Cette distinction profonde entre les conceptions orientales et occidentales de l'art explique pourquoi le graphisme est l'élément déterminant de l'appréciation ou non du genre manga. En effet, la ligne, la courbe ou l'irrégularité des formes sont mises à l'honneur. La synthèse et l'esthétique décorative priment sur la recherche du détail. L'ignorance de tels éléments de la part du néophyte fait que, par comparaison avec la bande dessinée traditionnelle, le manga apparaît moins intéressant car sans volume. Néanmoins, la bande dessinée nippone recèle une certaine diversité pour ceux qui s'y intéressent un peu plus avant. Par exemple, Carine L., étudiante, remarque :

« On peut reconnaître un dessinateur d'un autre une fois que l'on commence à lire quelques manga. Le style n'est pas uniforme et unique... chaque auteur a sa «patte» personnelle. D'ailleurs, je choisis mes manga non seulement en fonction de l'histoire mais aussi en fonction du dessin. Si ce dernier ne plaît pas, je n'achète pas ».

En ce qui concerne le personnage, il faut considérer qu'il est le principal vecteur d'émotion de l'histoire. Outre les grands yeux, il est donc très stylisé ce qui lui confère une valeur universalisante afin qu'une majorité de lecteurs s'y identifie. Sachant que ce qui compte dans le manga est la suggestion des émotions ressenties par le personnage, il n'est pas primordial de donner une représentation fidèle de la réalité. C'est ainsi que, parfois, le décor disparaît au profit du héros ou de ses acolytes. L'expressivité graphique est favorisée au détriment de l'esthétisme car le héros doit être immédiatement reconnaissable. D'où des personnages principaux souvent à la limite du stéréotype ou de la caricature.

Le graphisme du manga respecte ainsi à un principe de proximité : tout est fait pour que les sentiments et les sensations parviennent directement au lecteur sans obstacles inutiles et c'est cette facilité à aborder ce produit qui explique l'intérêt que suscite le manga auprès d'une partie du lectorat originellement non consommateur de livres.
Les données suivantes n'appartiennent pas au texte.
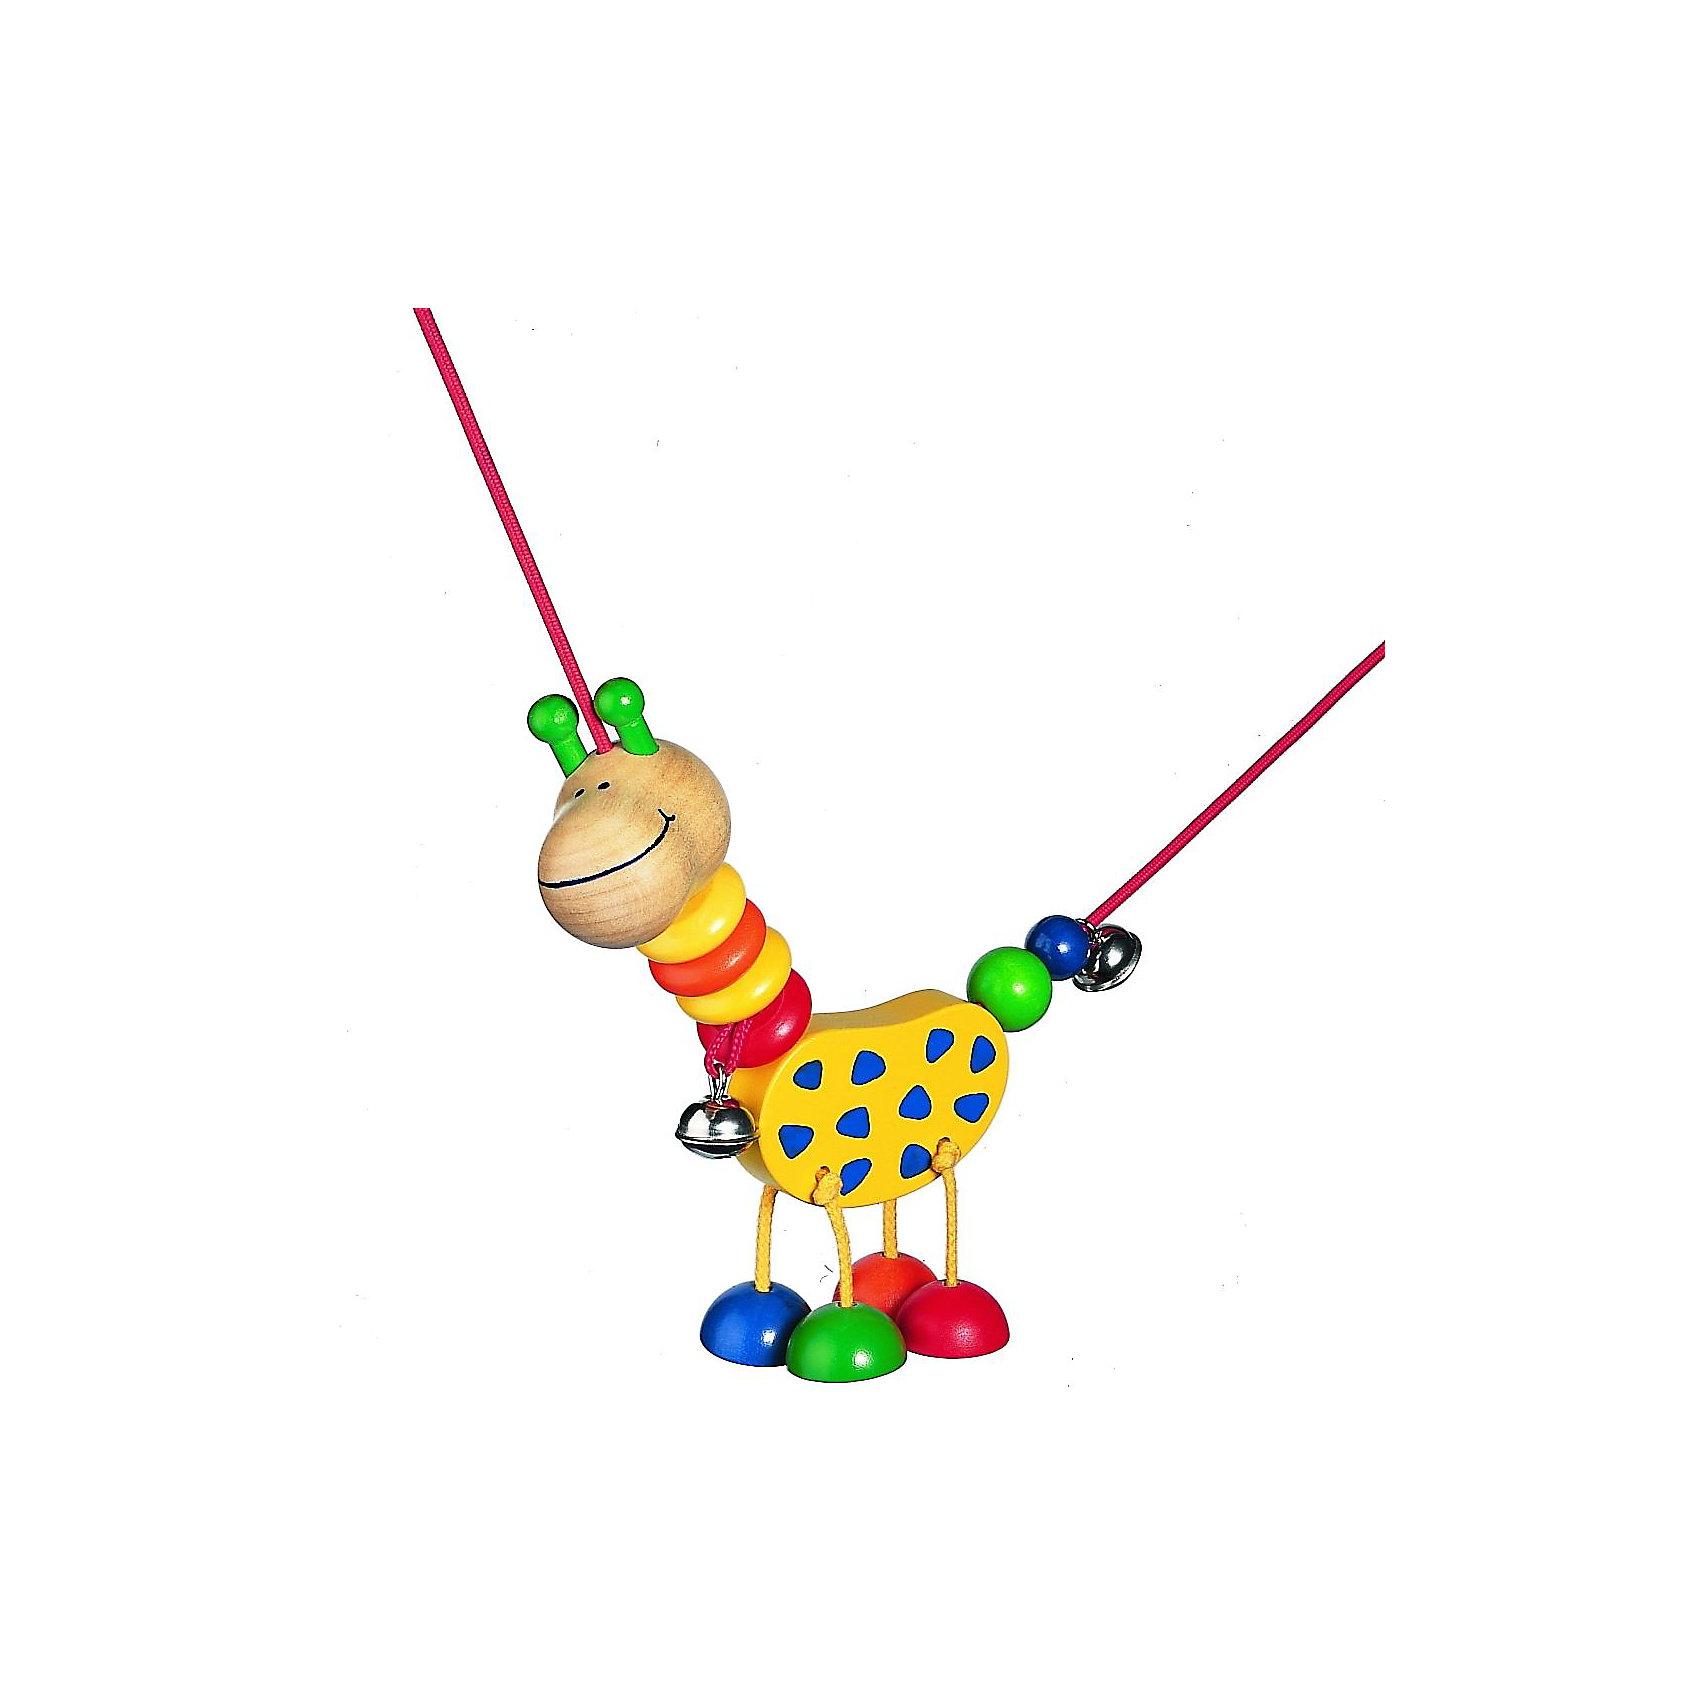 Selecta Подвеска КоллинаИгрушки для малышей<br>Эта подвеска от компании Selecta – лучший друг для самых маленьких. При каждом движении жираф весело болтает ножками над кроваткой, колыбелькой или коляской. Жирафа можно двигать по всему шнуру. Яркие цвета и формы, а также звон колокольчиков естественным путем побуждают малышка к получению визуальных, тактильных и сенсорных впечатлений.     <br>      <br>    <br>    Дополнительные характеристики:  <br>      <br>    <br>    + Материал: клен <br>      <br>    <br>    + Размер: ок. 18 см  <br>      <br>    <br>    + Шнурок растягивается до 75 см  <br>      <br>    <br>    + Для крепления требуются 2 универсальных зажима, например, Фиксино, которые продаются отдельно  <br>      <br>    <br>    + Безопасность проверена Объединением технического надзора (T?V)    <br>      <br>    <br>    Структура дерева пробуждает фантазию и передает самые разные впечатления, обращаясь к разным органам чувств. Данный артикул дополнительно обработан пчелиным воском, что делает его поверхность гладкой и мягкой. Естественный аромат способствует развитию чувств и ощущений у детей.<br><br>Ширина мм: 197<br>Глубина мм: 104<br>Высота мм: 51<br>Вес г: 115<br>Возраст от месяцев: 0<br>Возраст до месяцев: 12<br>Пол: Унисекс<br>Возраст: Детский<br>SKU: 1400390

Dernier point mais non moins essentiel : le manga obéit à une logique feuilletoniste (liée à la prépublication dans les mangashi*15(*)) qui fait qu'il suit un certain nombre de règles plus ou moins implicites :

- chaque chapitre doit le plus souvent faire apparaître au moins un élément nouveau ;

- chaque chapitre doit au moins comporter un moment spectaculaire, une case mémorable ;

- chaque chapitre doit se clore par la résolution d'une situation ou par un élément dramatique pour inciter le lecteur à poursuivre l'achat de la série en question.

Non seulement fruit d'une culture populaire différente de l'Occident, le manga est aussi l'un des aboutissements de la tradition picturale japonaise, ce qui le rend si particulier à nos yeux.

Ne correspondant ni à nos habitudes de lecture ni à notre mode de vie, le manga nécessite de passer outre nos a priori, de s'ouvrir sur un nouveau mode de pensée, une nouvelle façon d'appréhender le réel et une culture autre, ce qui fait aussi et surtout son intérêt selon tous les adeptes de cette production asiatique.

* 10 Toutefois, la production franco-belge actuelle tend vers une organisation plus libre de la planche à l'instar de la bande dessinée nippone.

* 11 Je pense notamment aux collections «Sakka» et «Ecritures» des éditions Casterman (cf. 2.2.1. - Casterman : une politique d'auteurs élitiste).

* 12 Anh Hoà Truong « J-D Morvan : «Le manga peut sauver la bande dessinée», L'année de la BD n°3.

* 13 Benoît Peeters, Lire la bande dessinée, «Champs n°530», Flammarion, 2002.

* 14 Jean-David Morvan in Anh Hoà Truong, « J-D Morvan : «Le manga peut sauver la bande dessinée», L'année de la BD n°3.